Are you looking forward to the summer but worried about how you’ll look on the beach? If so, it appears you’re not alone – one survey found that 82% of respondents feel the pressure to shape up before baring it all on the beach.
t’s not just a question of aesthetics either, we should also be concerned about how healthy we look and feel. According to the GHA’s Healthy Gibraltar site, living an active lifestyle can help you to feel more energetic and feel better about yourself. Medical research shows that sufficient physical activity can lower your risk of certain diseases by up to 83%, and there are several key aspects of health that can be improved:
Integrating exercise into your daily routine can improve your lifestyle with regards to inactivity and obesity. It will also improve mood, relaxation, help you to sleep better, and be able to deal with everyday stresses more effectively. Some research indicates that regular aerobic exercise decreases depression and improves confidence and self-esteem. Certain hormones called ‘endorphins’ released into the body from the brain while exercising are deemed responsible for the mental health benefits.

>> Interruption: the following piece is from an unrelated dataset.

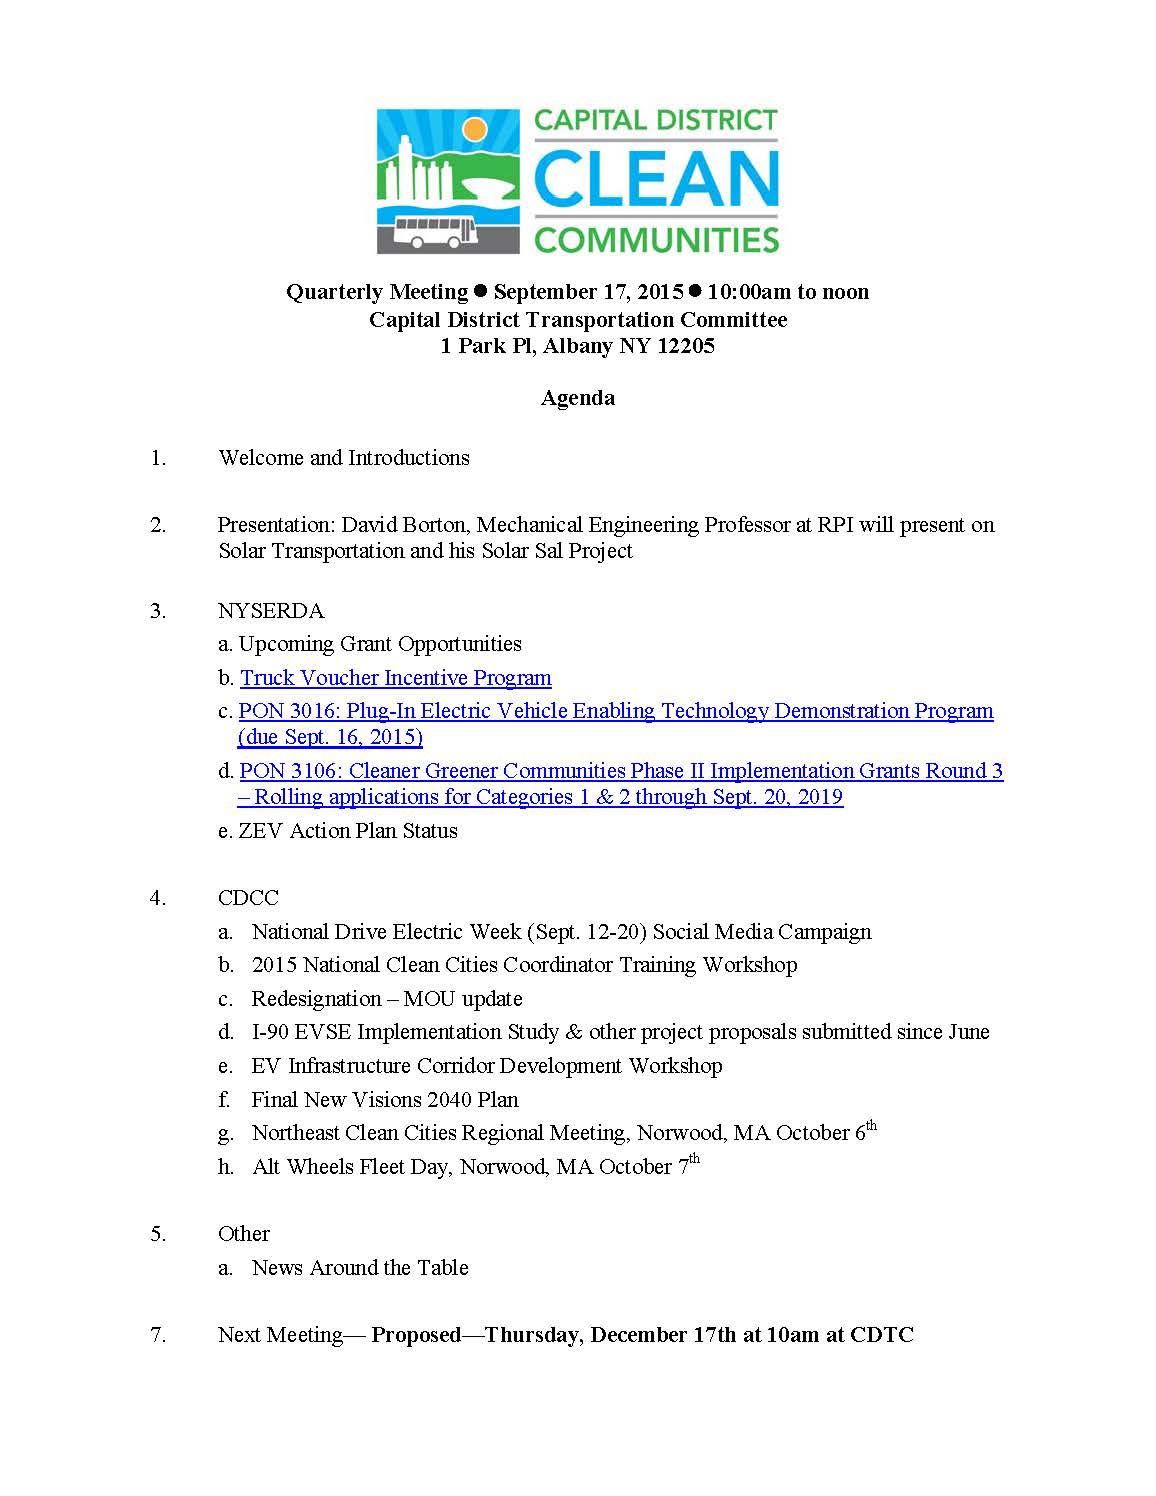 agenda9-17-15_Page_1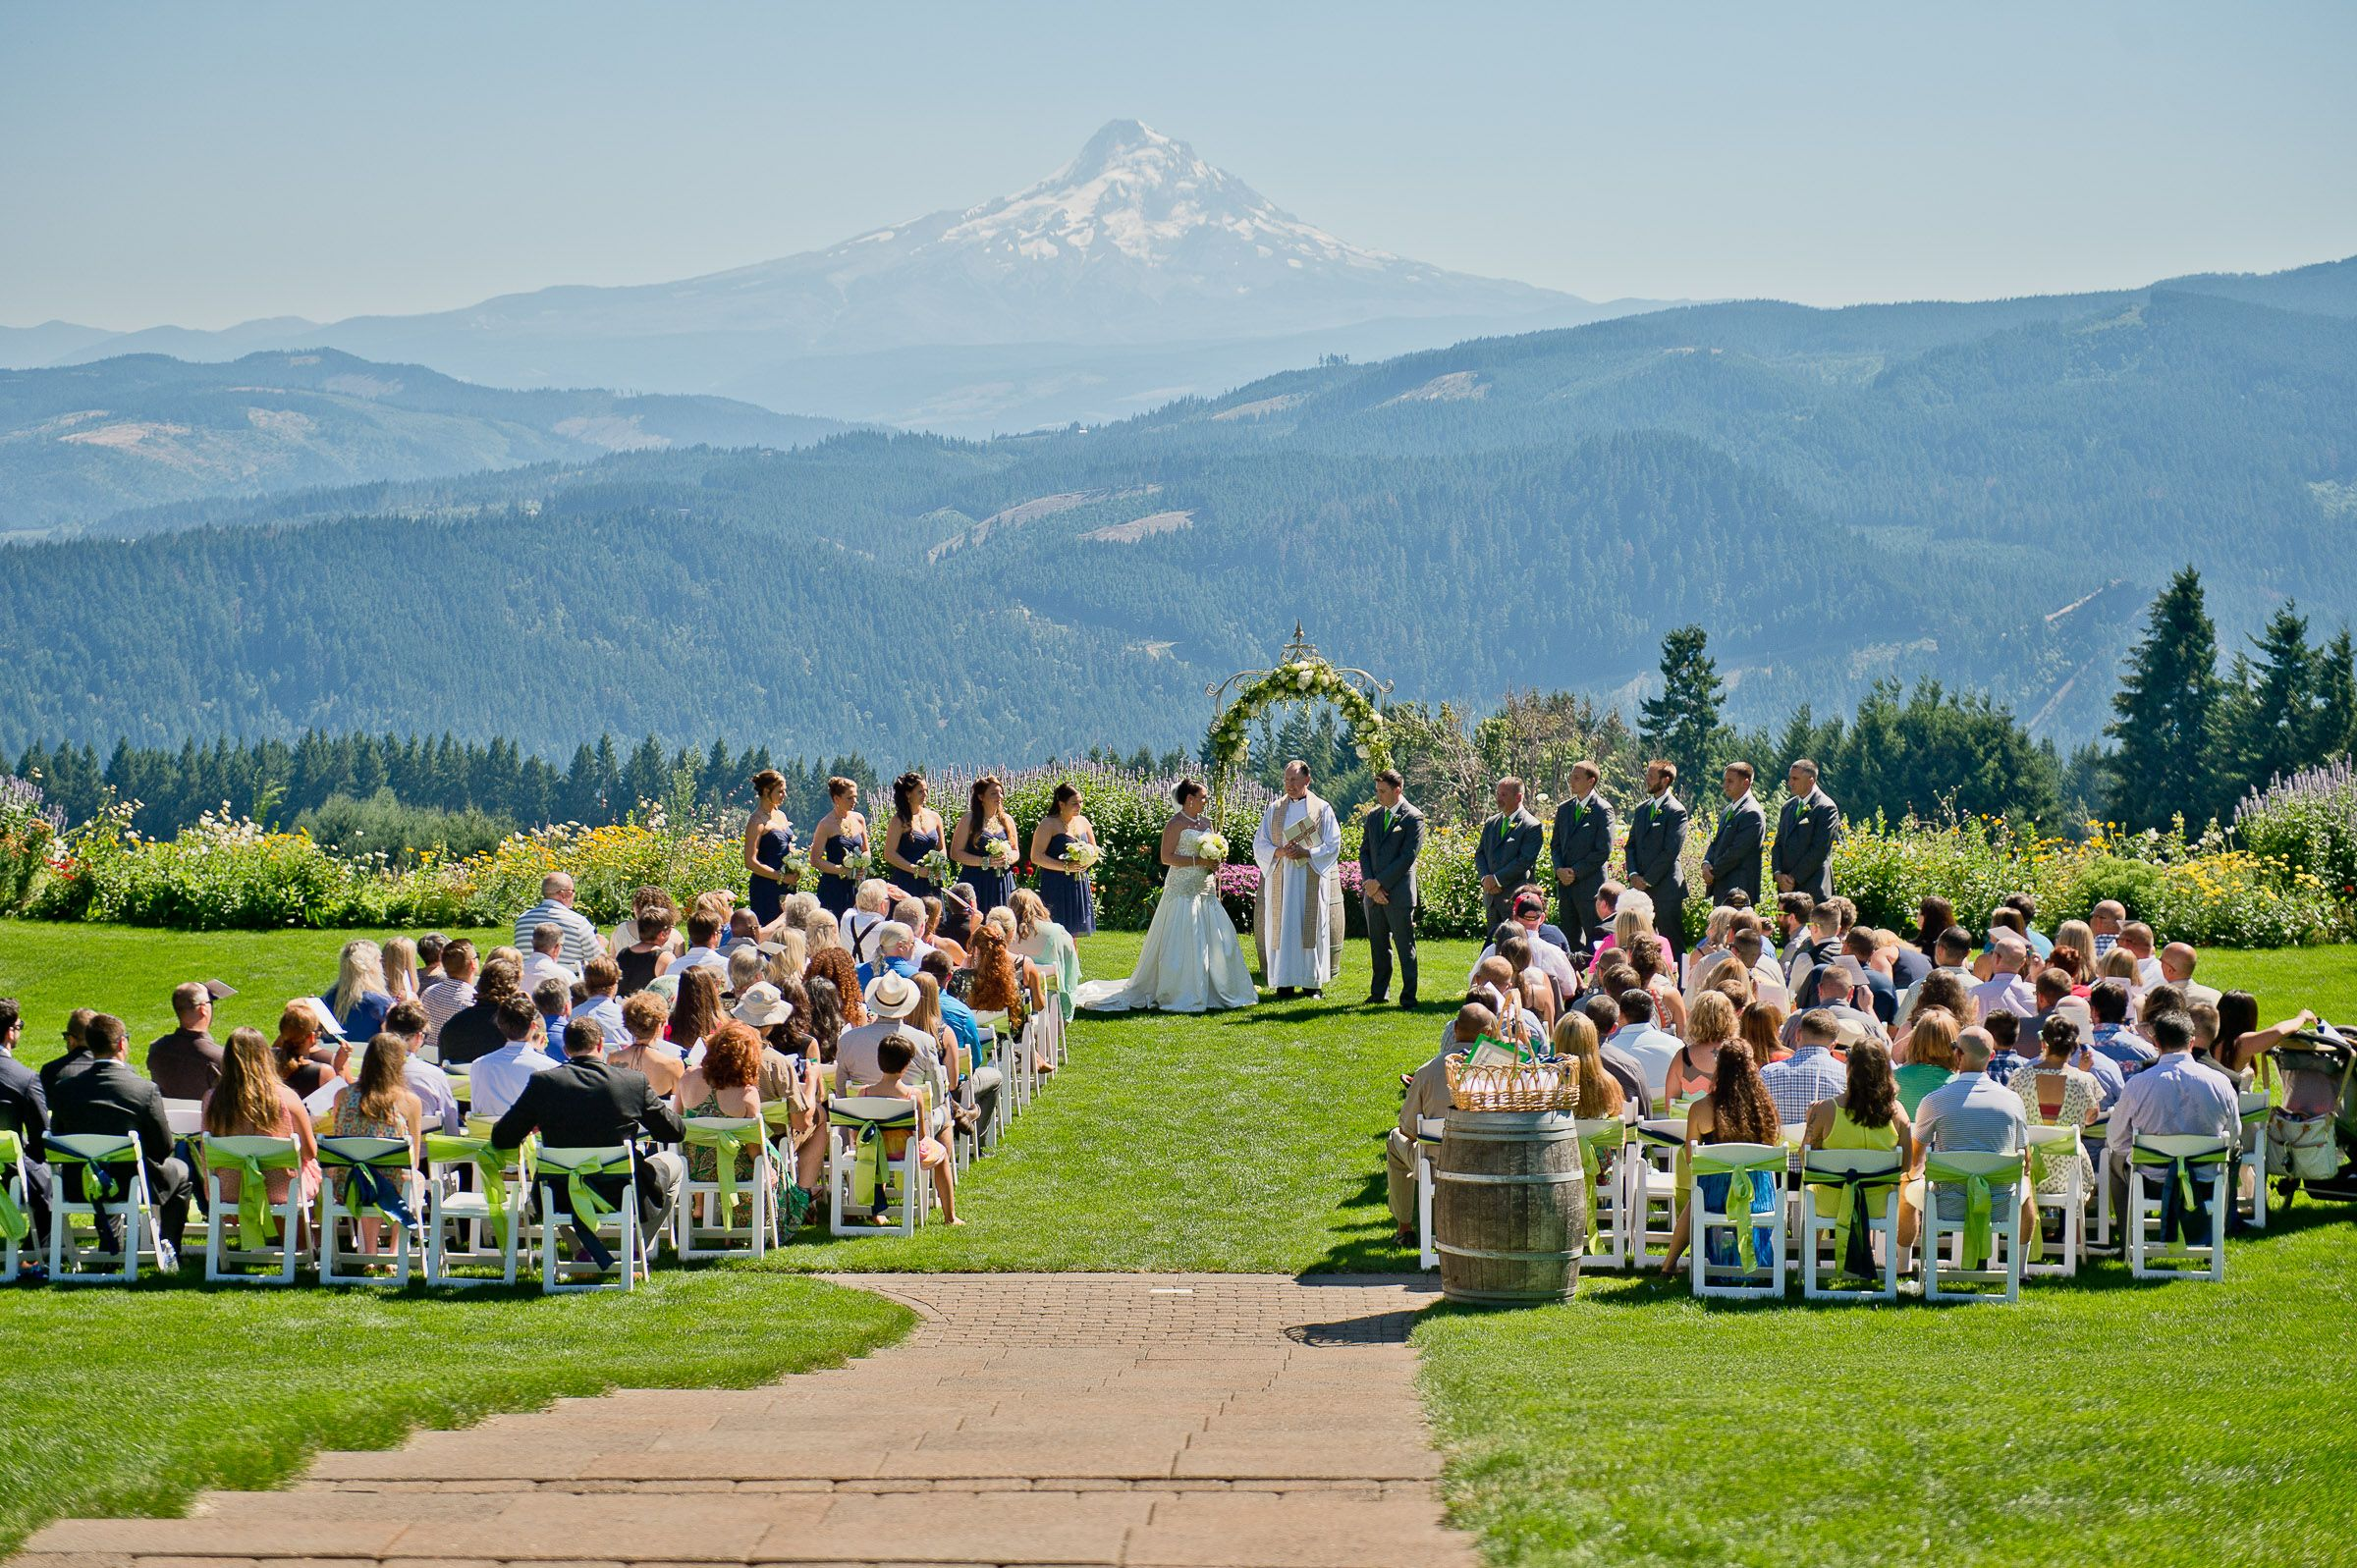 mountain view wedding venues washington

Exercising the major muscles enhances muscle strength through to old age, keeping limbs strong and bodies flexible. This dramatically reduces the risk of falls, hip fractures and improves overall bone health. Vigorous exercise increases deep breathing, and a good respiratory function is essential for sound health.
Impaired glucose tolerance and other aspects of diabetes often result in the individual being overweight and inactive, and having high blood pressure and lipids (fats). Exercise, as part of a lifestyle change, has been shown to reduce the risk of developing Type 2 diabetes.
Most people could benefit from starting to increase their level of physical activity immediately. However, if you are worried about becoming more active consult your GP first. Gentle and sustained exercises such as walking and cycling are good for the heart and stimulate good blood circulation. This changes the proportions of high and low-density lipoproteins in the bloodstream and helps to reduce atherosclerosis, coronary thrombosis and blood pressure. In addition, levels of stress which induce coronary heart disease (CHD), the single most-common cause of death, can be reduced.
There are a number of biological benefits in the body following physical activity, a number of which are believed to be responsible for reduced cancer rates. Lowering the levels of certain hormones (including insulin and oestrogen) and growth factors are believed to impact both colon and breast cancer development. The generalised improvement of the immune system and reduction of inflammatory responses are also believed to play a role.
Here are a few more tips, courtesy of Holland & Barrett, to help you slim down for life.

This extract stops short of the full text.